In May 2022, the University of Pennsylvania School Of Medicine exempted students from five historically black colleges and universities applying to their school from taking the Medical College Admissions Test, used to gauge a student’s readiness for medical school, if the student is accepted into an eight-week study program. While in the program, students receive housing and a stipend to conduct research, participate in community service and career seminars.
The NCAA proposed that Division I and Division II athletic teams drop the standardized test requirement for athletes as a part of their “eight-point plan to advance racial equity,” according to a February 2022 press release. Standardized tests for college admissions, such as the SAT and ACT, are used to determine a student’s rate of success at a higher institution.
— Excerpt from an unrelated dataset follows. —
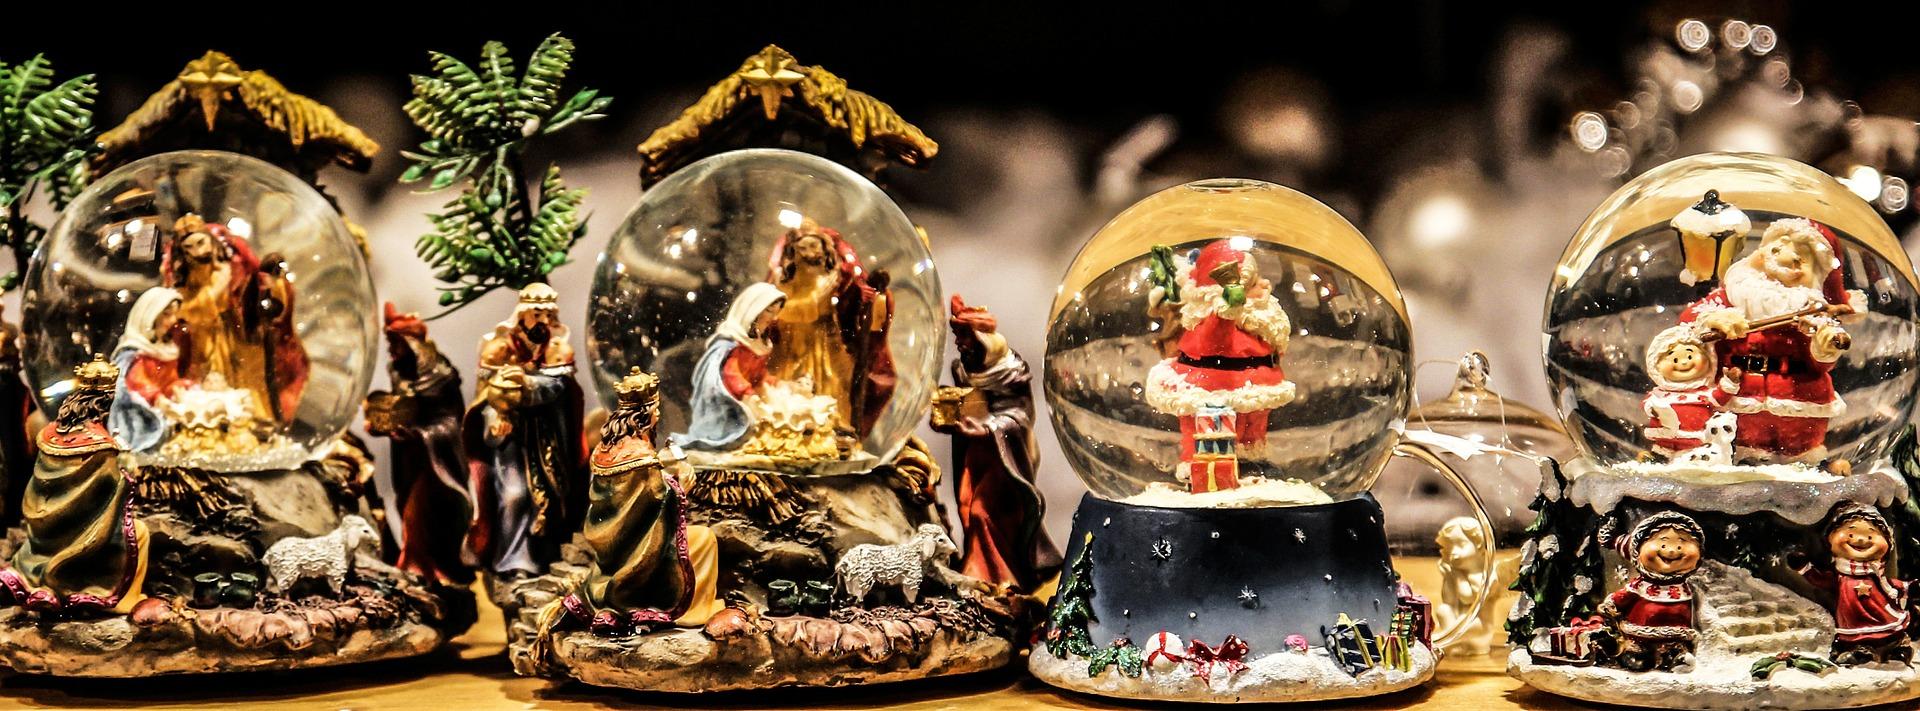 Kerst in Nederland sneeuwbollen

Princeton University created a “diversity” tool in 2021 so faculty can hire vendors and suppliers on their physical attributions as opposed to their qualifications. Vendors are filtered by race, gender and sexual orientation through the tool, with a separate entity available for faculty to pick vendors just based off their ethnicity.
The “diversity” tool is an aspect of the university’s multi-year diversity plan to give a “fresh commitment and energy in the pursuit of racial equity and inclusivity.”
“Almost every university in the country has adopted some sort of diversity, equity, and inclusion strategic plan,” John Sailer, fellow at the National Association of Scholars, told the DCNF. “If these plans aren’t adopted at the university level, individual schools and departments adopt them. These plans almost inevitably rewrite standards. Virtually every diversity, equity and inclusion task force recommends moving toward holistic admissions practices, or simply dropping standardized tests.”
“Often, these plans push new forms of pedagogy that downplay the role of well-established standards,” Sailer told the DCNF.
The schools, the Association of Medical Colleges and the NCAA did not respond to the Daily Caller News Foundation’s request for comment.